Why, oh, why does it have to hurt so bad? It gets harder and harder each time I see him. I want to grab hold of him and tell him that he has to stay...or that the only way he can go is if he takes me with him.

He just left here. I am watching him drive away as I type this. He came by to drop off another box for me to ship out for him. I told him that I will have the credit card slips for him later this afternoon. His response..."I will see you before I leave". It took all I had not to kick him. I wasnt doubting the fact that I would see him before he left until he said that. Now I am wondering if I will only see him once before he leaves.

So we talked for a little bit. After he leaves here, he is going to take care of is change of address stuff and then the gym. I dont even want to think about the change of address things. I dont want to picture him anywhere but here. I dont know why its come about that he is having this effect on me. I dont want to be feeling like this. I wish I had never got this close to him. I wish he had remained the friend of my friend. Being attached like this is sooooo incredibly painful.

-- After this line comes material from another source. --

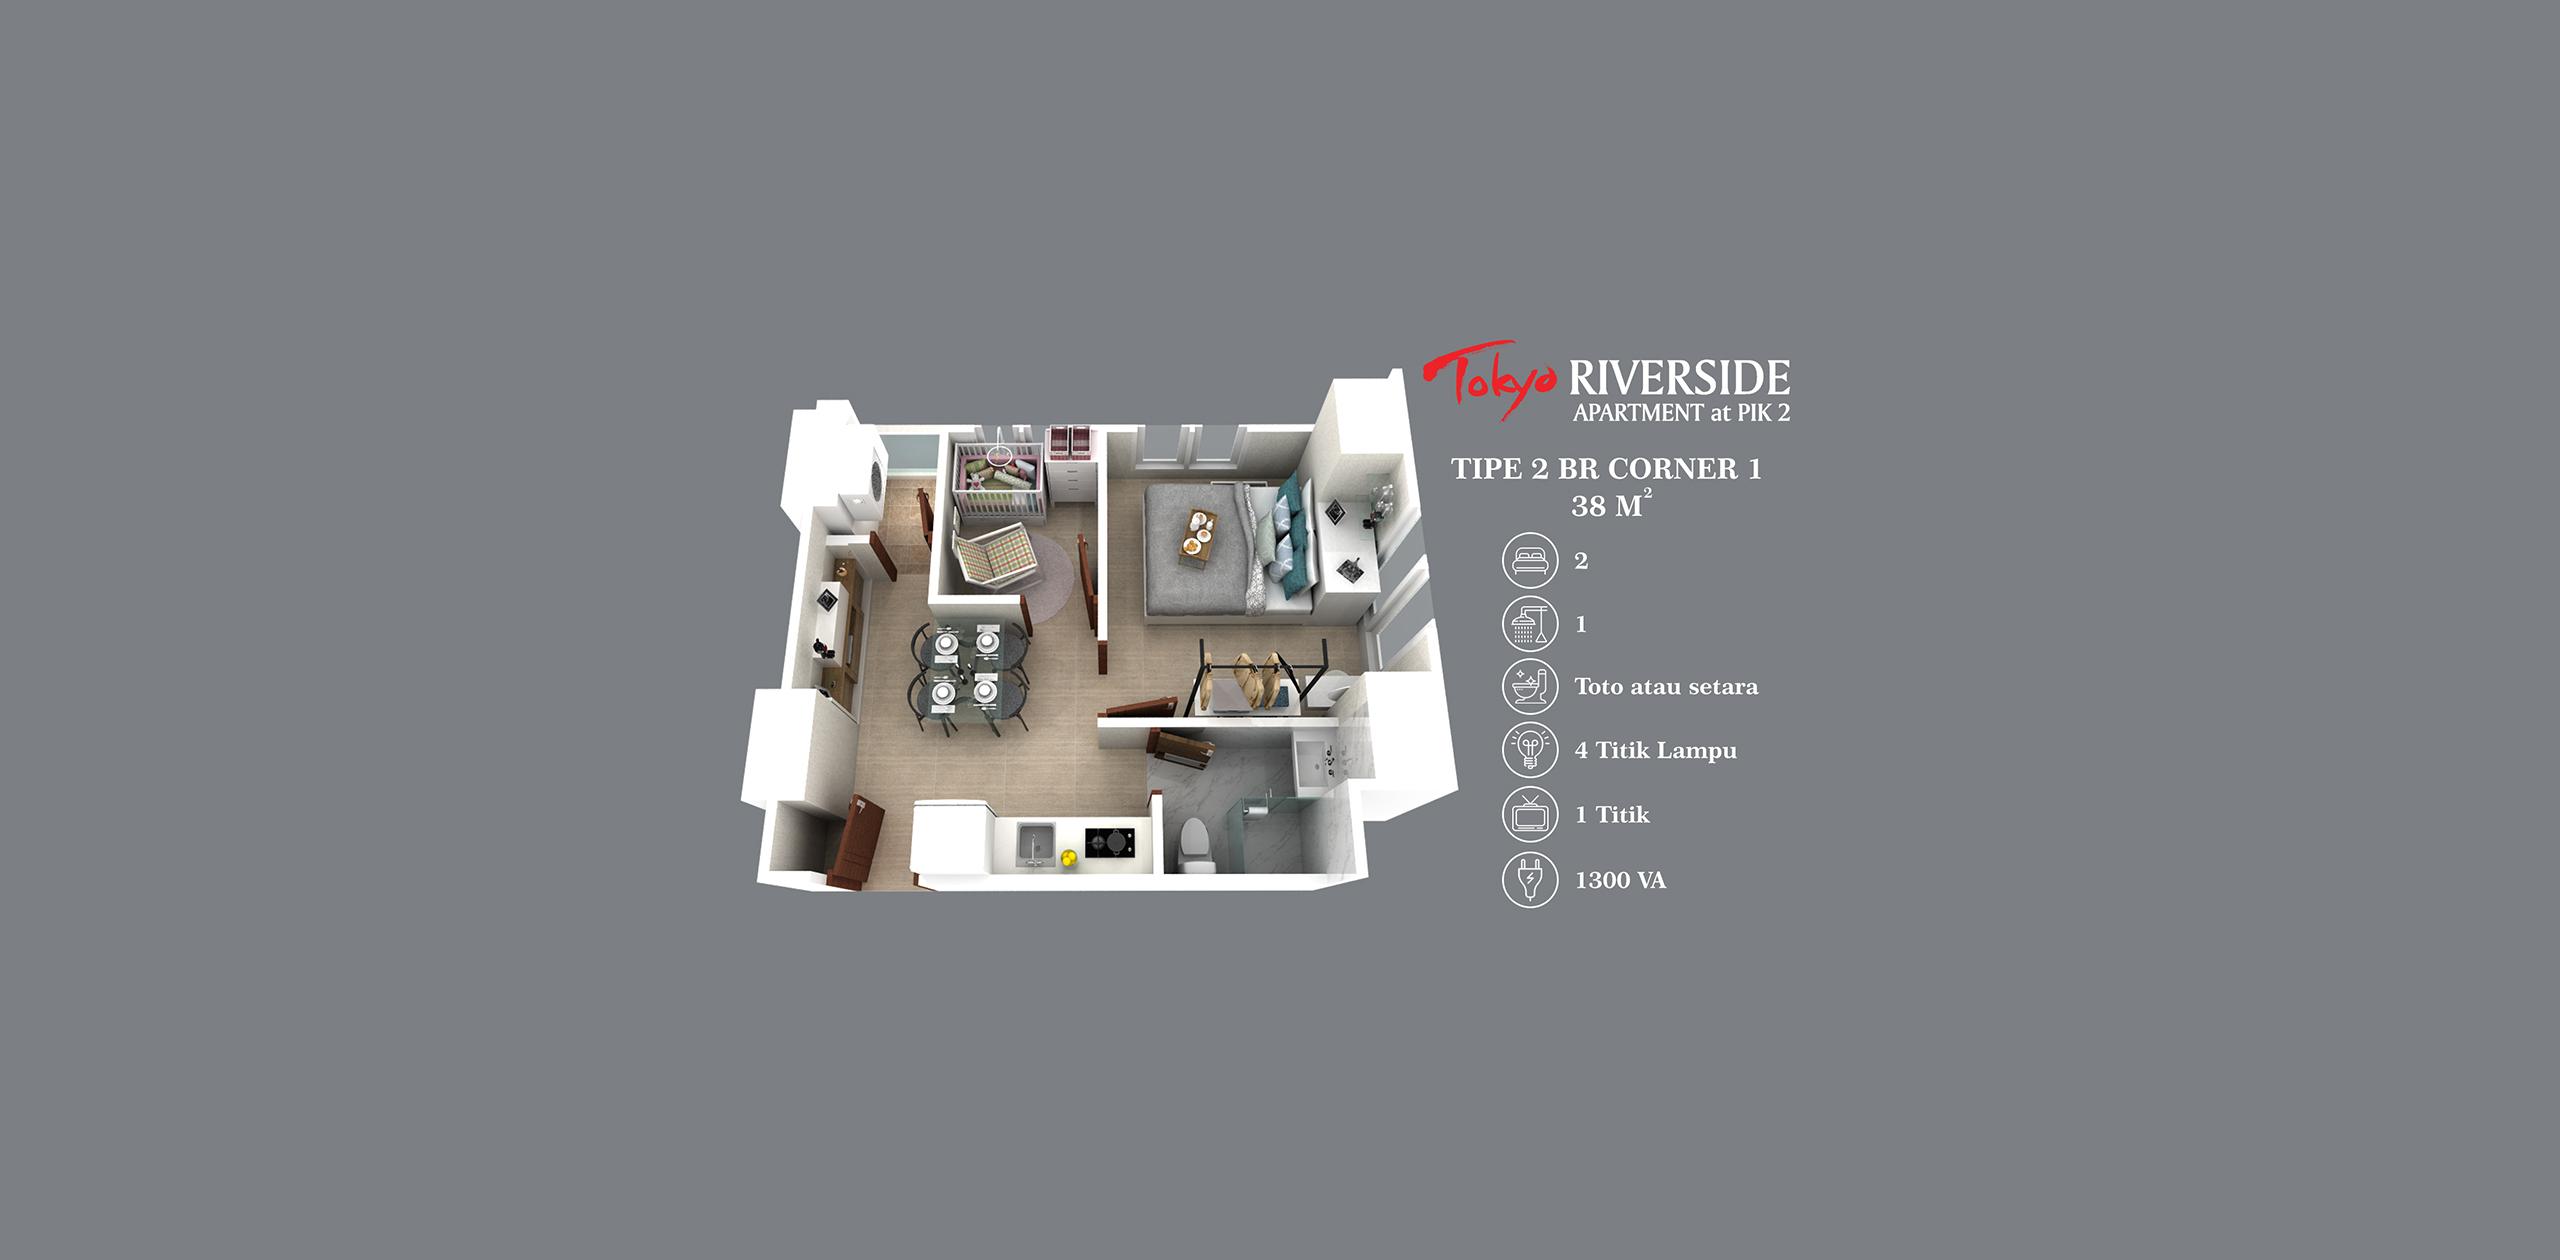 Pik2 - Tokyo Riverside - 2BR Corner 1
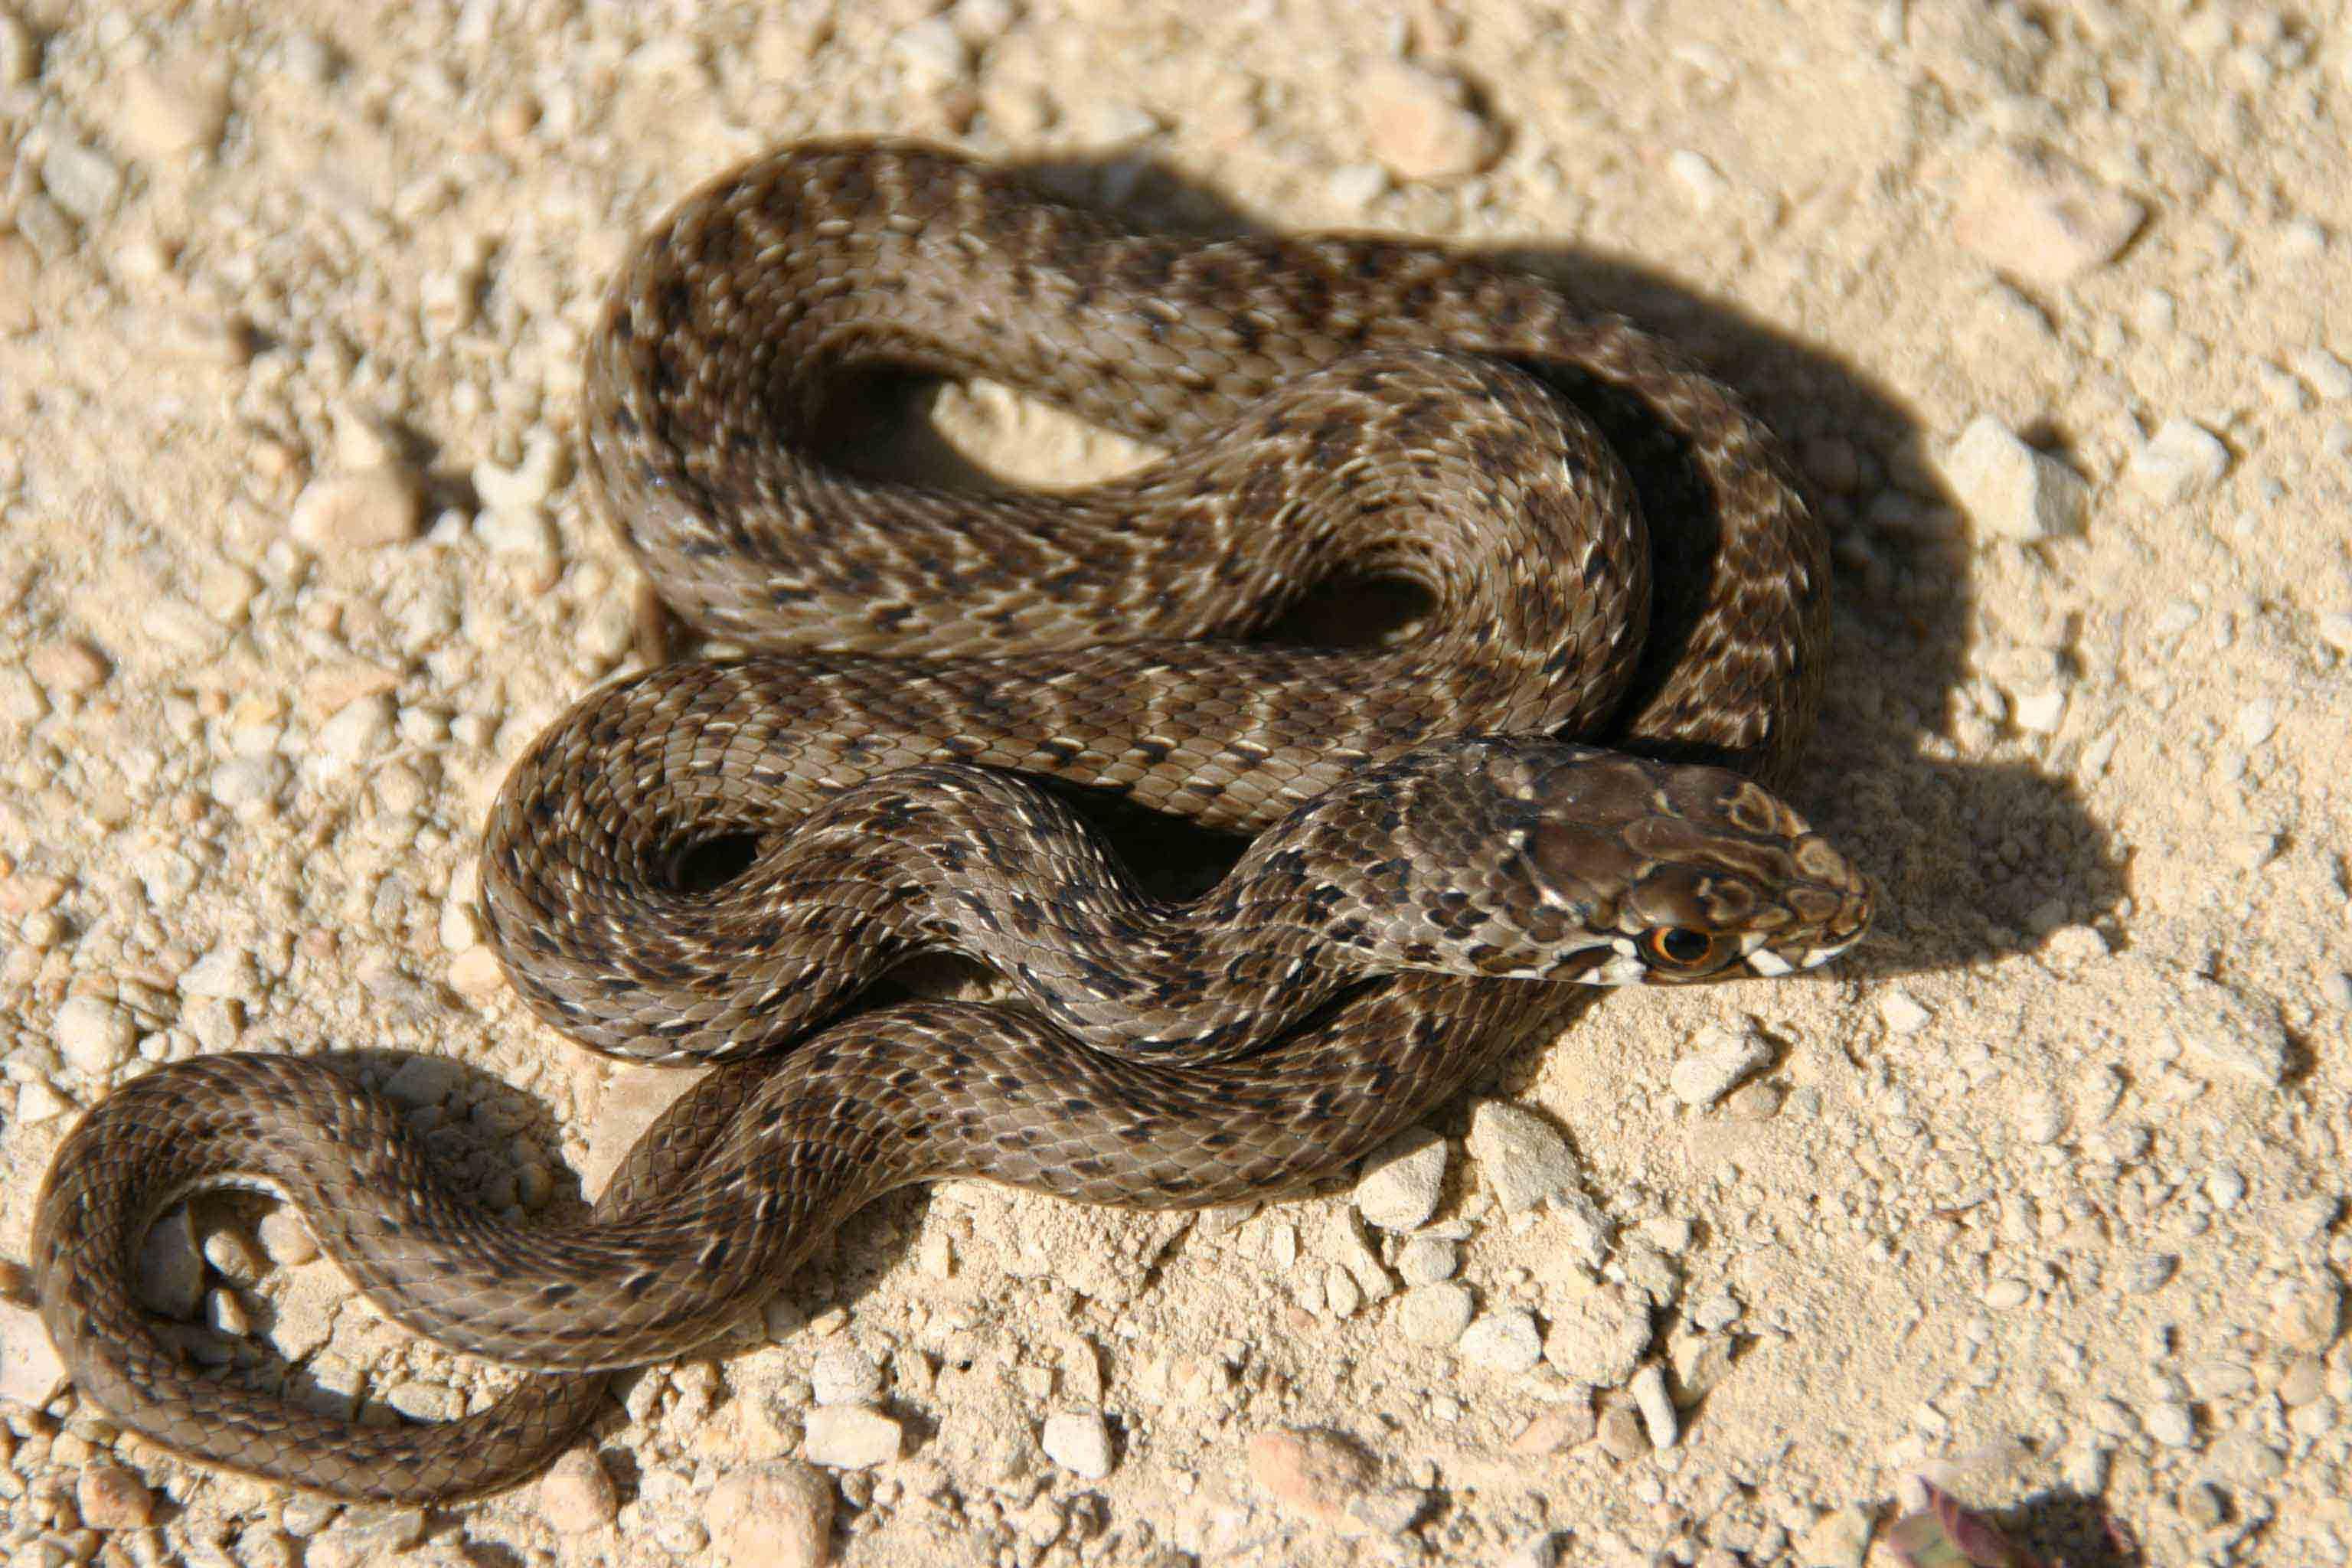 After missing a big Horseshoe whipsnake I caught this juvenile Montpellier snake (Malpolon monspessulanus)

I want to tell him so badly how I feel and how much I care, yet I dont think I could bring myself to do it. I just know that if someone really cared about me, whether I was leaving or not, I would want to know...even if something couldnt come out of it. But I am too afraid to tell him. Everyone keeps telling me how I cant be mad at him for things when he doesnt really know how I feel. I dont know if that is a good or bad thing. I dont want him to think I am only telling him as a ploy to get him to stay. I wish he would stay, but I am not going to beg him to.

I care about him too much to see him give up his dreams even if he would stay...which he wont. He would never stay for me anyway. He doesnt even know how I feel about him. Maybe I should just keep it that way!